Cat 98, which was coinfected with “Candidatus Mycoplasma haemominutum” and “Candidatus Mycoplasma turicensis,” was monitored for 18 days (Table 7 and Fig. 2). The cat was FIV positive and had gingival lymphoma. During the follow-up period, the cat was irradiated four times and received spiramycin-metronidazole treatment for 9 days. Antibiotic treatment was not associated with decreased “Candidatus Mycoplasma turicensis” loads, and, indeed, loads increased 6.6-fold. The cat was highly anemic during the entire observation period, although hemolysis or regeneration was not evident.
DISCUSSION
This is the first study to show that all three feline hemoplasma species are prevalent in pet cats. The study was performed with three newly designed real-time PCR assays that proved to be highly sensitive and specific and thus accurate for the diagnosis of feline hemoplasma infections.
In agreement with previously published studies (16, 25, 26), “Candidatus Mycoplasma haemominutum” was also the most prevalent hemoplasma in Swiss cats. The frequency of “Candidatus Mycoplasma turicensis” infection was found to be similarly low compared to that of M. haemofelis infection. The overall prevalence of hemoplasma infections in Swiss cats was lower than that reported in the three aforementioned studies, pointing to geographical variations in the distribution of feline hemoplasmal species. Sequencing of a number of 16S rRNA genes from isolates derived from Switzerland revealed almost-complete identity to American, British, Australian, South African, and Swiss isolates (16, 27, 29, 33).

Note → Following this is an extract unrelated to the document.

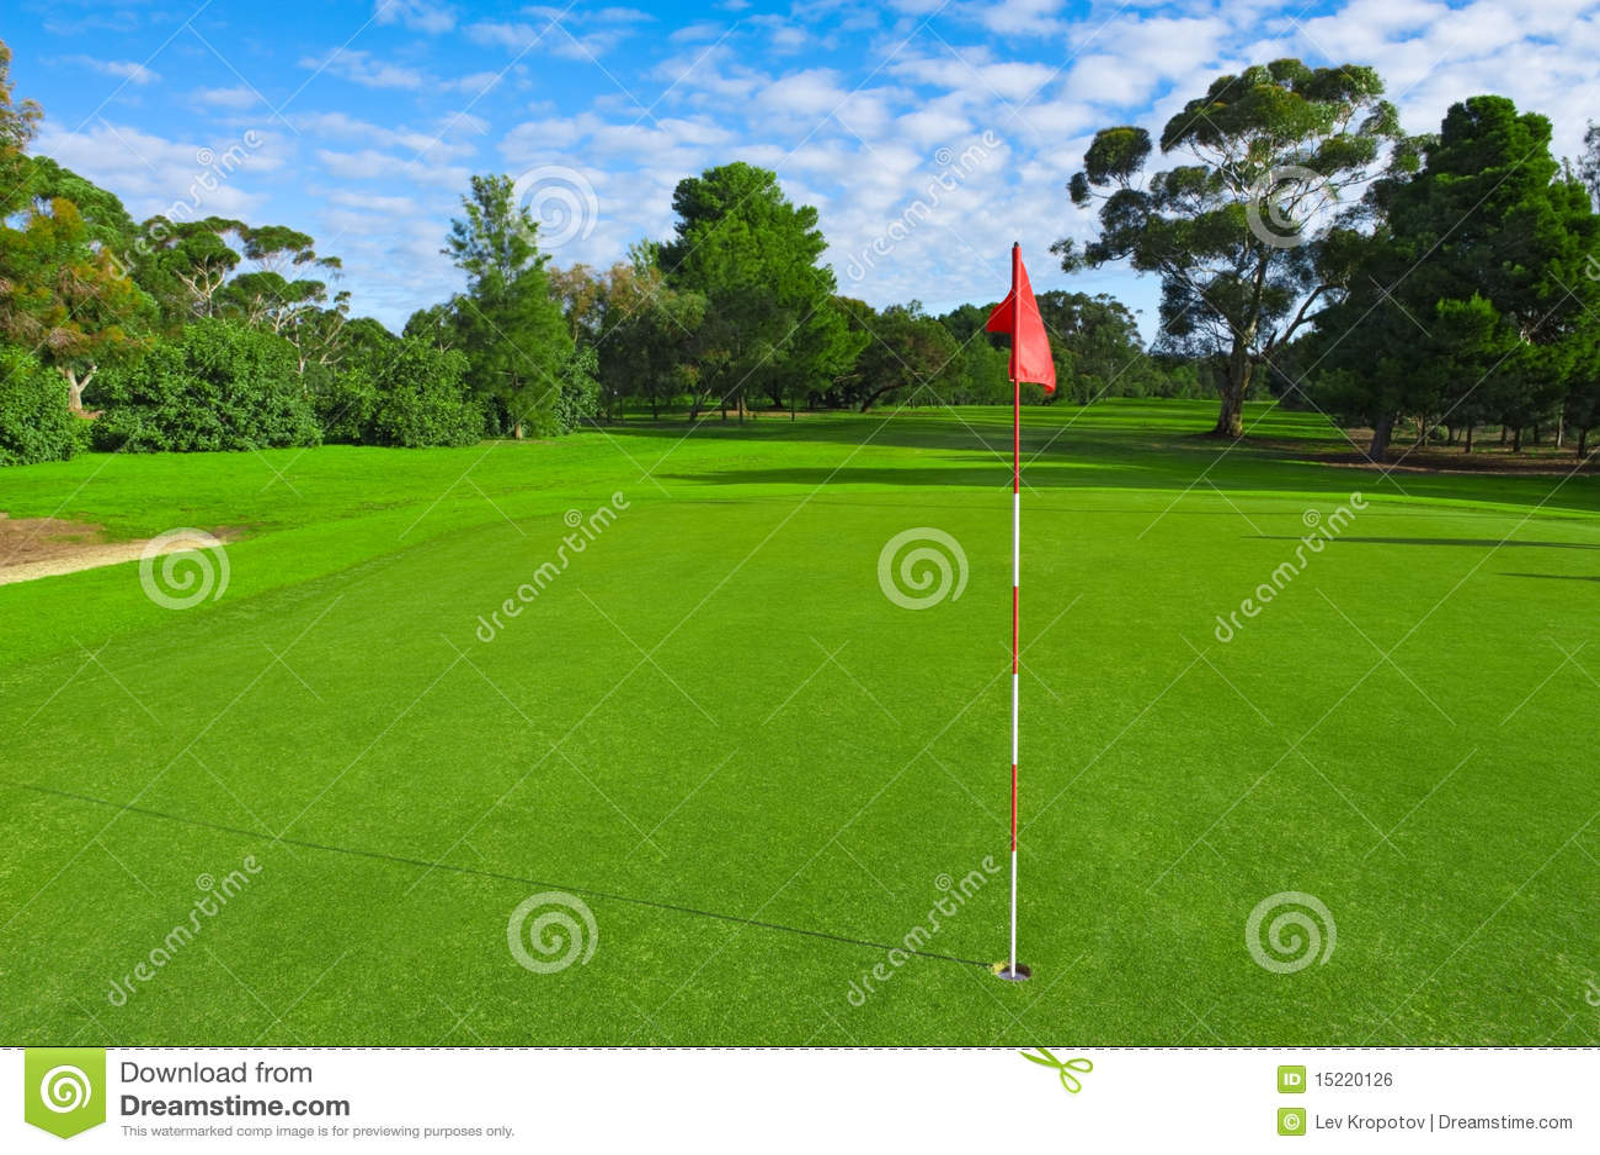 horizontal d 39 une zone verte de golf photo stock image du ressort outdoors 15220126. Black Bedroom Furniture Sets. Home Design Ideas

There was no significant difference in hemoplasma prevalence between healthy and ill cats. This could imply that these agents have a low pathogenic potential. Alternatively, the prevalence in the healthy cats investigated in this study could have been overestimated, since they had significantly more outdoor access than the ill cats. This could also explain why retroviral infections were similarly prevalent in healthy and ill cats. In addition, some of the ill cats had been treated with doxycycline and enrofloxacin prior to blood sampling, which could have led to the resolution of bacteremia and thus to an underestimation of hemoplasma prevalence in ill cats.

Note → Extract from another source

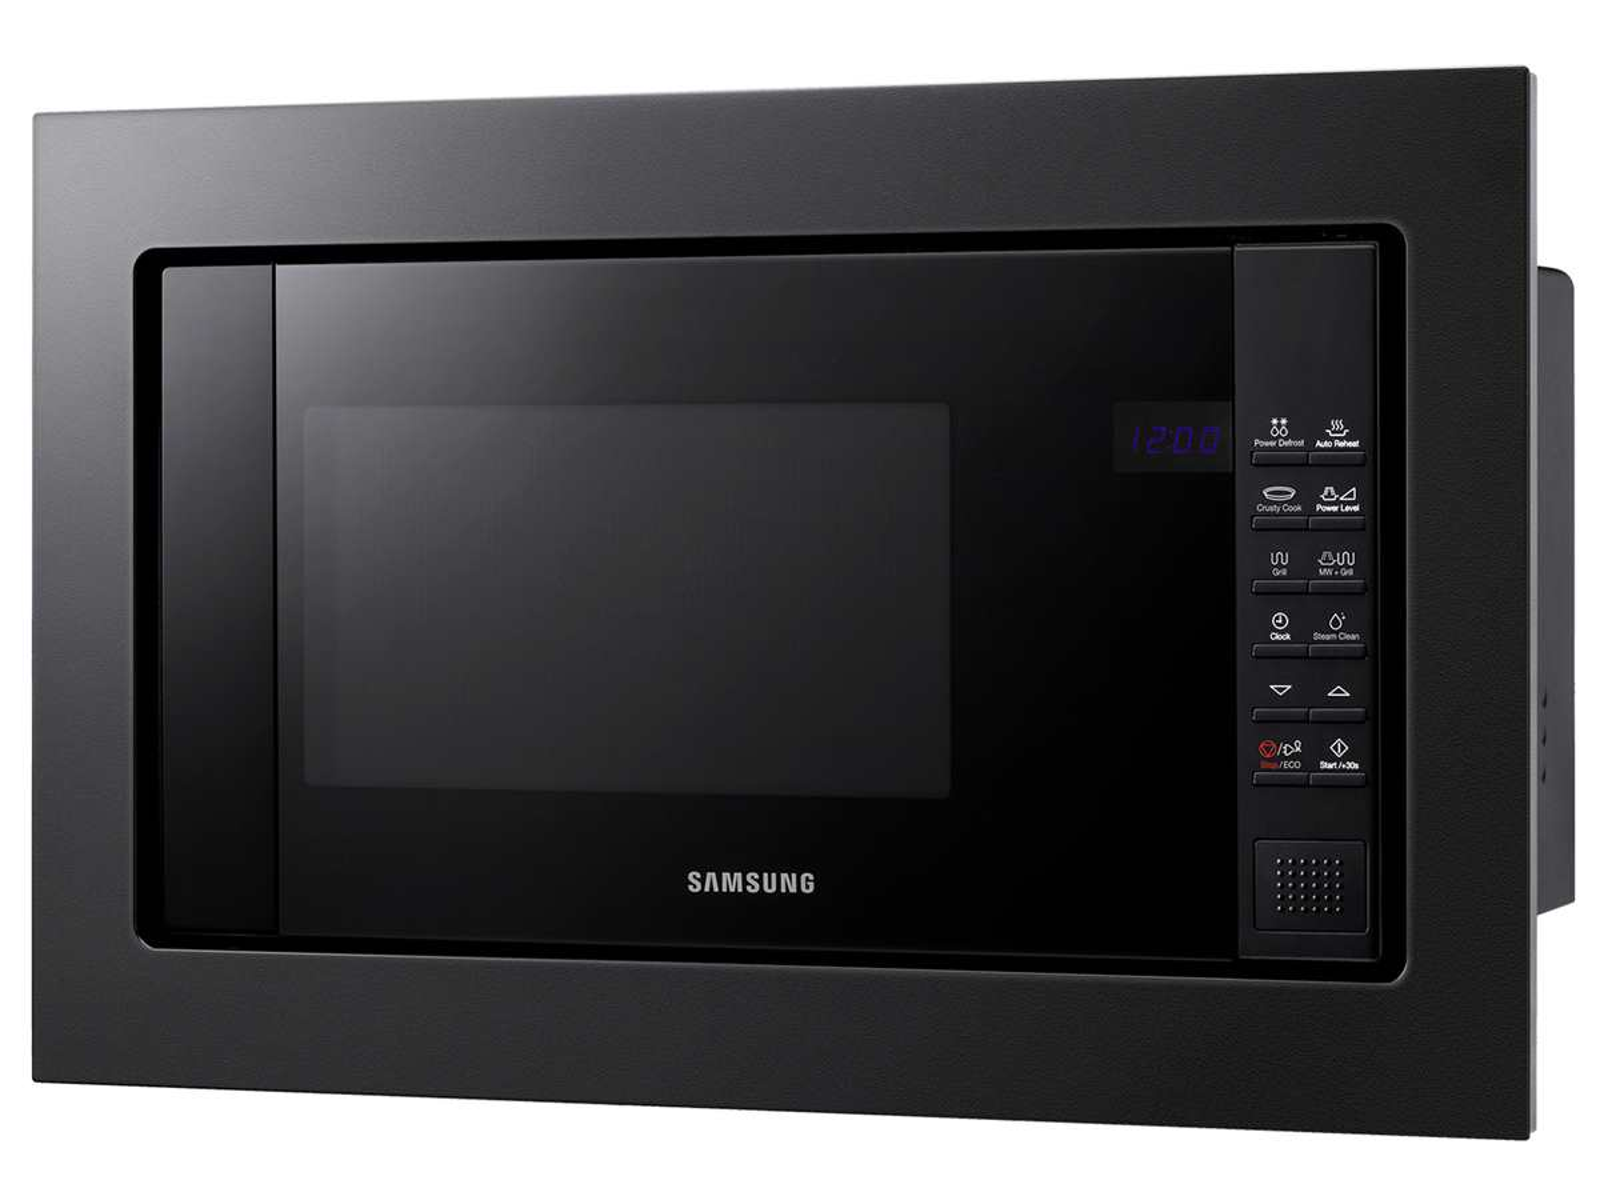 Samsung FG77SUB/XEG Einbau-Mikrowelle mit Grill Schwarz

Hemoplasma infection was not associated with anemia, and hemoplasma blood loads were not correlated with PCV. This appears especially remarkable for M. haemofelis; it is in contrast to data from a previous study (26), and the pathogenic potential of this agent has been demonstrated previously by different authors (11, 32). We found acute hemolysis in 5 of 11 M. haemofelis-infected cats, either at the time or within 2 months of blood collection. However, high loads (>106 copies/ml blood) were also observed in healthy animals. One of these cats had recently undergone hemolysis but had recovered completely. This led us to hypothesize that cats acutely infected with M. haemofelis indeed develop severe hemolysis in the presence of high hemoplasma loads in blood but that chronically infected animals that recover from acute illness can lack clinical signs, even in the presence of remarkably high loads in the blood.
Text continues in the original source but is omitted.